Assmann verwendet dabei eigenen Angaben zufolge Spanplatten aus regionalem Recyclingholz. Rund 65 Prozent des gesamten Materialeinsatzes entfallen auf Holz, überwiegend in Form von Spanplatten. Diese würden nahezu ausschließlich von drei Lieferanten aus einem Umkreis von 250 Kilometern bezogen, wie man beim Unternehmen betont. Die Reduzierung der Transportwege hat so nicht nur eine Verringerung der CO₂-Emissionen zur Folge. Sie stärkt gleichzeitig die regionale Kreislaufwirtschaft und eine Reduzierung der Abhängigkeit von internationalen Lieferketten.

„Für uns ist Holz weit mehr als nur ein Werkstoff – es ist ein ökologischer und ökonomischer Wertträger“, erklärt Geschäftsführerin Karla Aßmann, „seine wahre Nachhaltigkeit zeigt sich nicht allein in der Materialwahl, sondern im verantwortungsvollen Umgang über den gesamten Lebenszyklus hinweg – von der Herkunft über die Verarbeitung bis zur Wiederverwertung.“

Die bei Assmann eingesetzten Spanplatten bestehen demnach im Durchschnitt zu mindestens 70 Prozent aus recyceltem Holz. Hierzu zählen beispielsweise alte Paletten, Möbel aus dem Bereich des Post-Consumer-Segments oder Holzspäne aus industriellen Prozessen. Zusätzlich werden ausschließlich Frischfasern aus Holz verwendet, das sich nicht für Bauholz eignet. Somit ist es nicht notwendig, zusätzliche Bäume zu fällen.

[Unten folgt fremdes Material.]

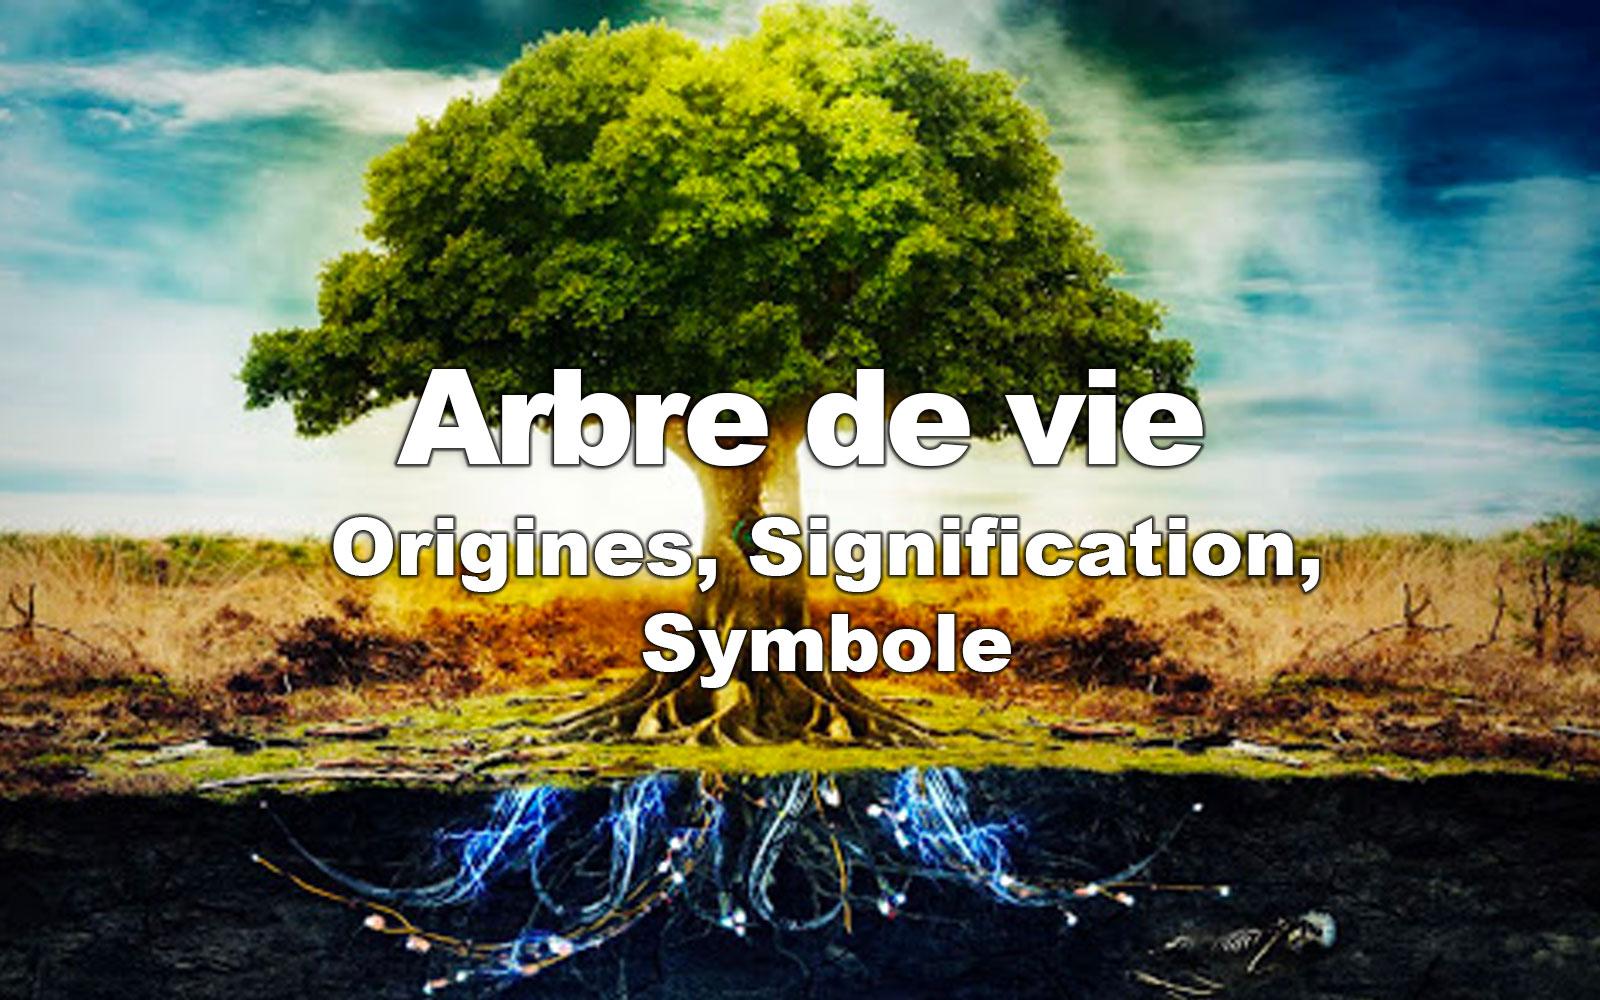 Arbre de vie : Origines, Signification, Symboles

Nachhaltigkeit durch Recycling und regionale Beschaffung

Darüber hinaus setzt Assmann auf PEFC-zertifizierte Materialien, die eine kontrolliert nachhaltige Waldbewirtschaftung garantieren. Zudem seien die verwendeten Bindemittel frei von tierischen Bestandteilen: „Recycling ist für uns kein Selbstzweck, sondern ein aktiver Beitrag zur Kreislaufwirtschaft“, so Dr. Julia Koch, Nachhaltigkeitsmanagerin bei Assmann. „Wir arbeiten kontinuierlich mit unseren Partnern daran, den Recyclinganteil weiter zu erhöhen, ohne Kompromisse bei der Produktqualität einzugehen.“

Durch den engen Austausch mit zertifizierten Lieferanten, die über Umweltproduktdeklarationen (EPDs) verfügen, will Assmann Transparenz und Verlässlichkeit schaffen und demonstriert, wie nachhaltiges Wirtschaften, regionale Verantwortung und funktionales Design sinnvoll aufeinander abgestimmt werden können. Das Ziel ist eine messbar nachhaltige Produktion, die den Grundsätzen einer verantwortungsvollen Unternehmensführung entspricht. „100 Prozent-Recycling klingt gut – doch wenn dafür das Material aus dem Ausland transportiert werden muss, kehrt sich der ökologische Vorteil schnell ins Gegenteil“ fasst Hannes Hartmann, Strategischer Einkauf bei Assmann, zusammen. „Deshalb setzen wir– unter Berücksichtigung aller relevanten Faktoren – derzeit auf regional bezogene Spanplatten mit einem hohen, aber ökologisch sinnvollen Recyclinganteil.“

Die Möbelserie „Cantaris“ bildet dabei eine gezielte Ausnahme: Da bei dieser Produktserie ein besonderes Augenmerk auf einem möglichst ressourcensparenden Design liegt, setzt Assmann hier konsequent auf Spanplatten mit 100 Prozent Recyclinganteil. Aufgrund der aktuell noch geringen Stückzahlen ist ein längerer Transportweg in diesem Fall vertretbar und wirkt sich auf die Gesamt-Transportemissionen von Assmann nur geringfügig aus.